The Harvard Business School RFC is a rugby union team based at Harvard Business School in Boston, Massachusetts. The club formerly competed in the New England Rugby Football Union (NERFU) and is composed of graduate students from throughout Harvard University.

History
HBS Rugby began in the fall of 1963. Prior to the team's founding, the Harvard Business School sporting culture was dominated by softball, bowling, and ping-pong. Dissatisfied with these options, two Scottish MBA students, Jim Johnstone '65 and Morris McInnes '65, founded the HBS Rugby Club. 
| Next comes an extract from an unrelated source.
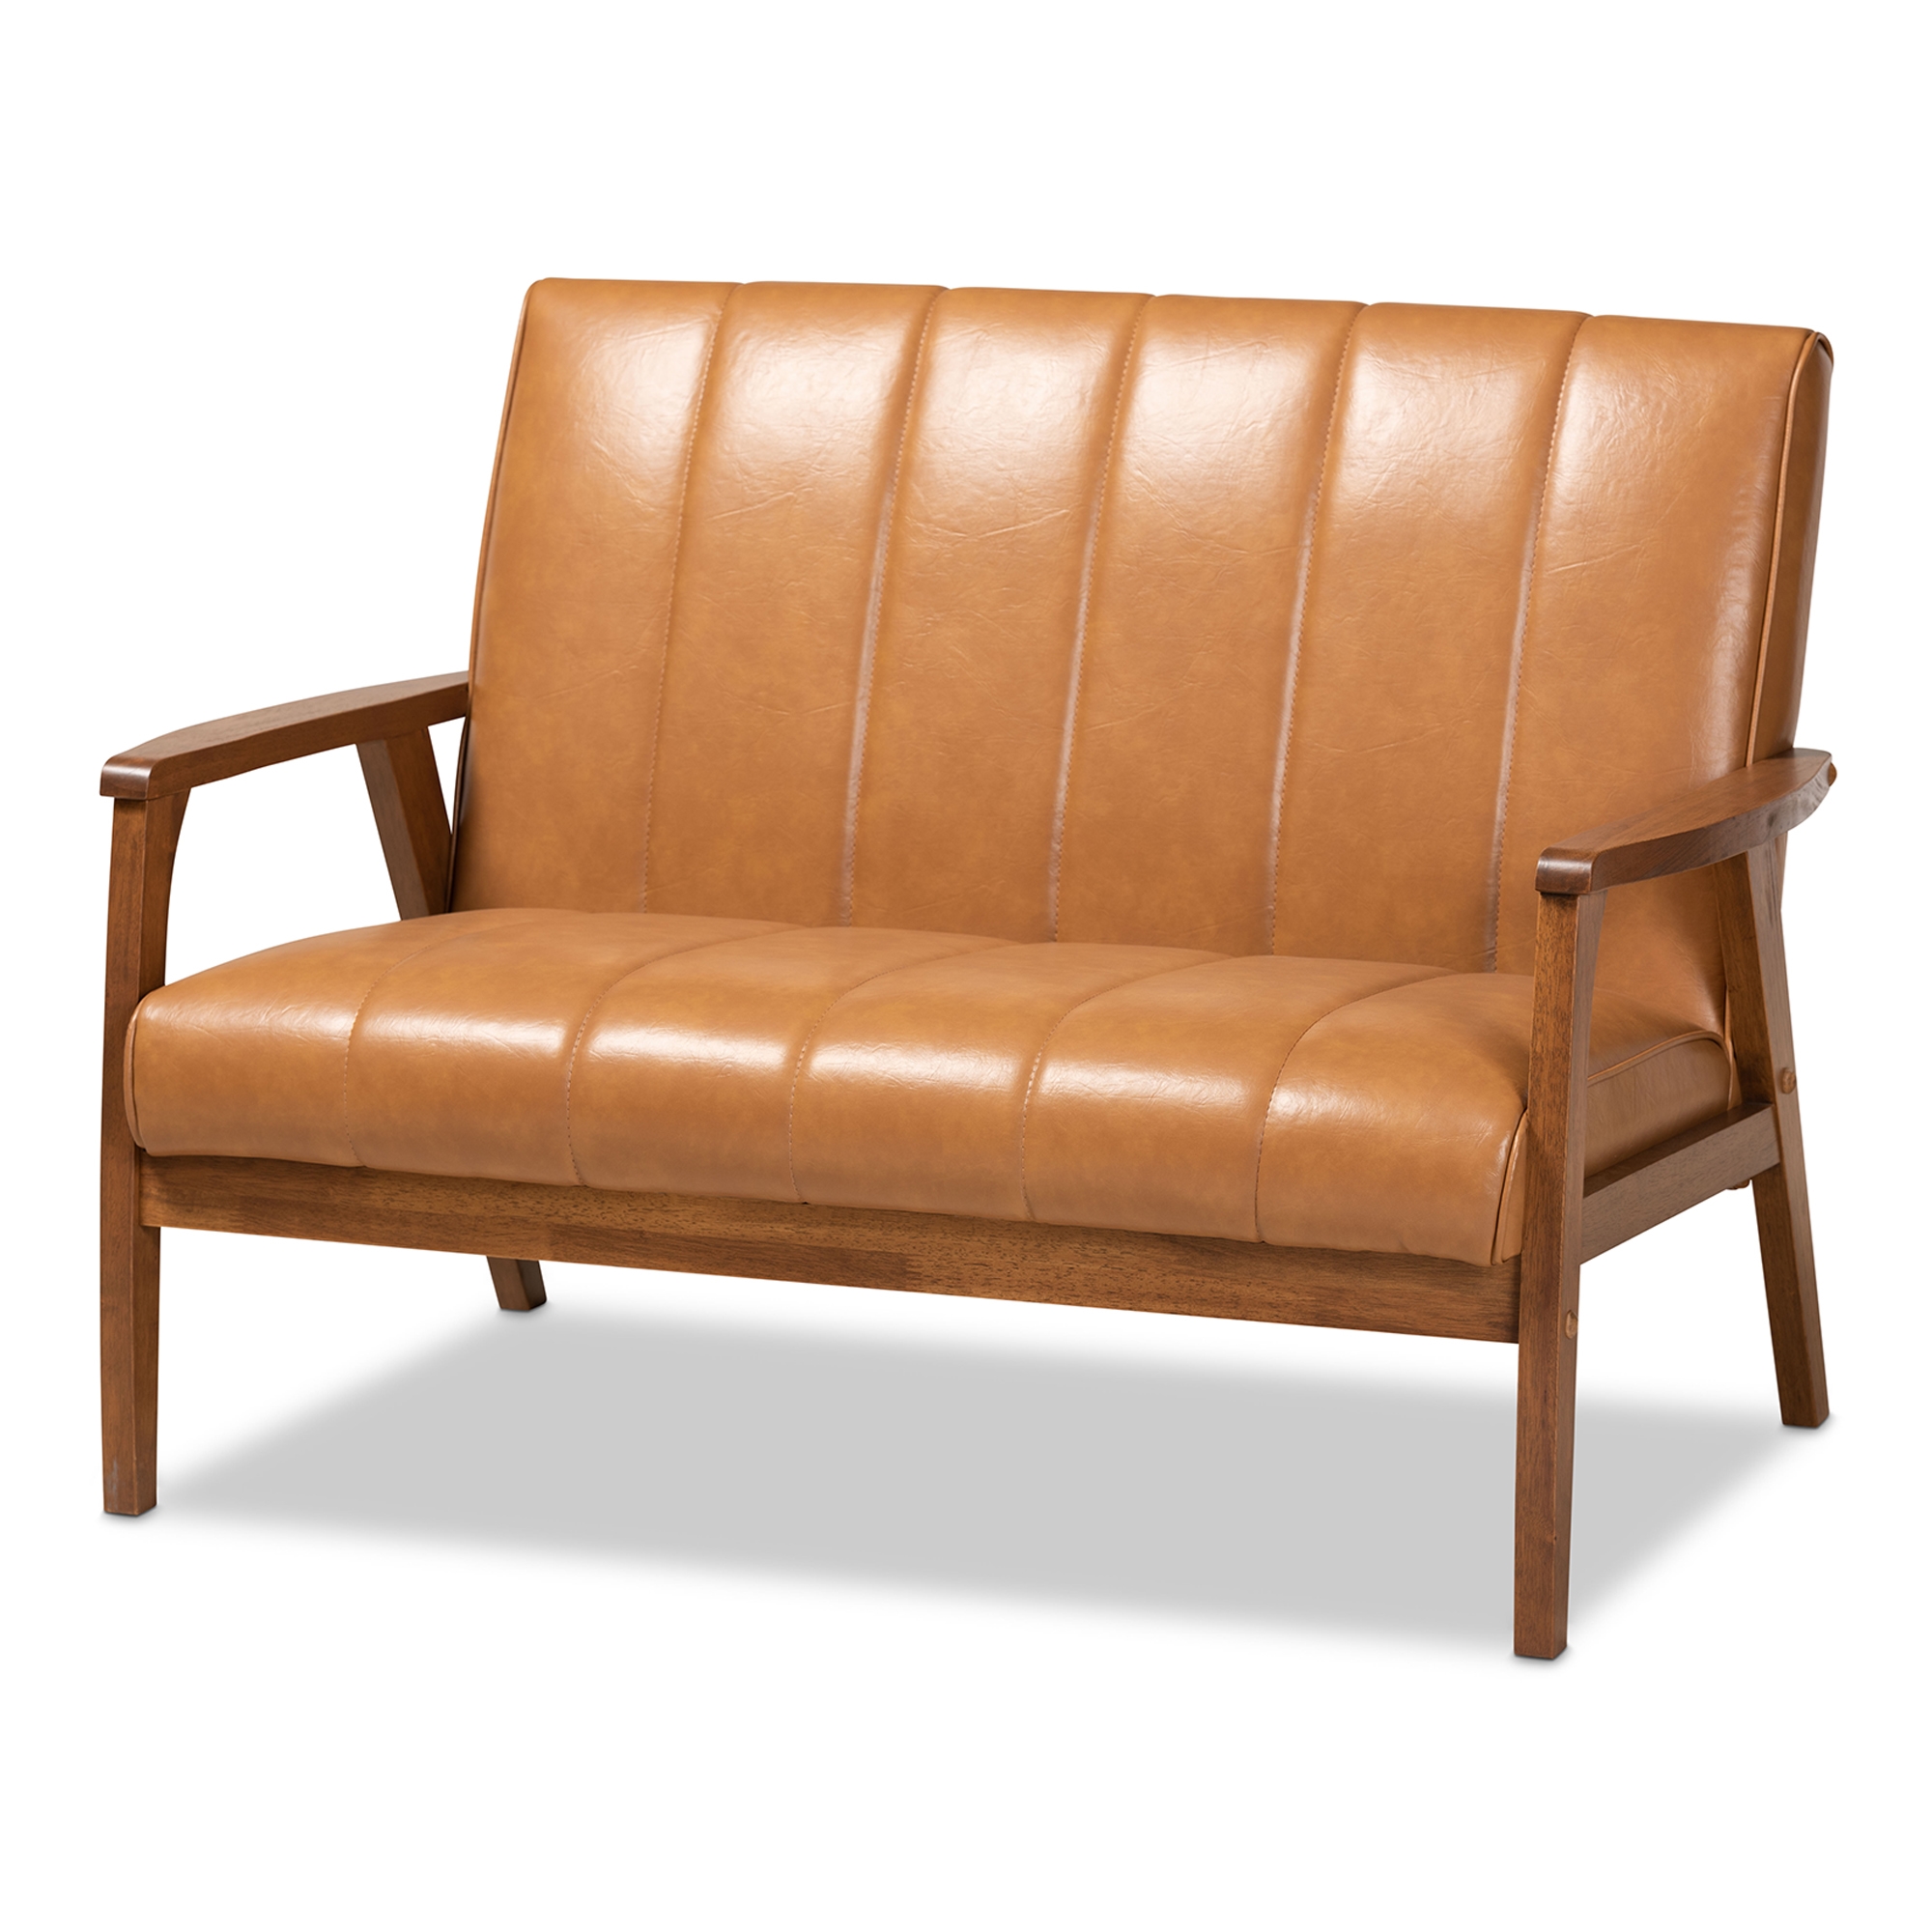 Baxton Studio Nikko Mid-century Modern Tan Faux Leather Upholstered and Walnut Brown finished Wood Loveseat

Through advertisements, coercion and the promise of female spectators, the first contingent of forty or so interested men began to train at Soldiers Field. Despite the negative advice of the HBS Dean of Students and an attempt to merge the HBS side with the Harvard College side by force, Johnstone and McInnes persevered. The spring 1964 record of 5-2-1 was the harbinger of a glorious tradition of Eastern rugby strength, melding American athletes with the rugby culture of international players.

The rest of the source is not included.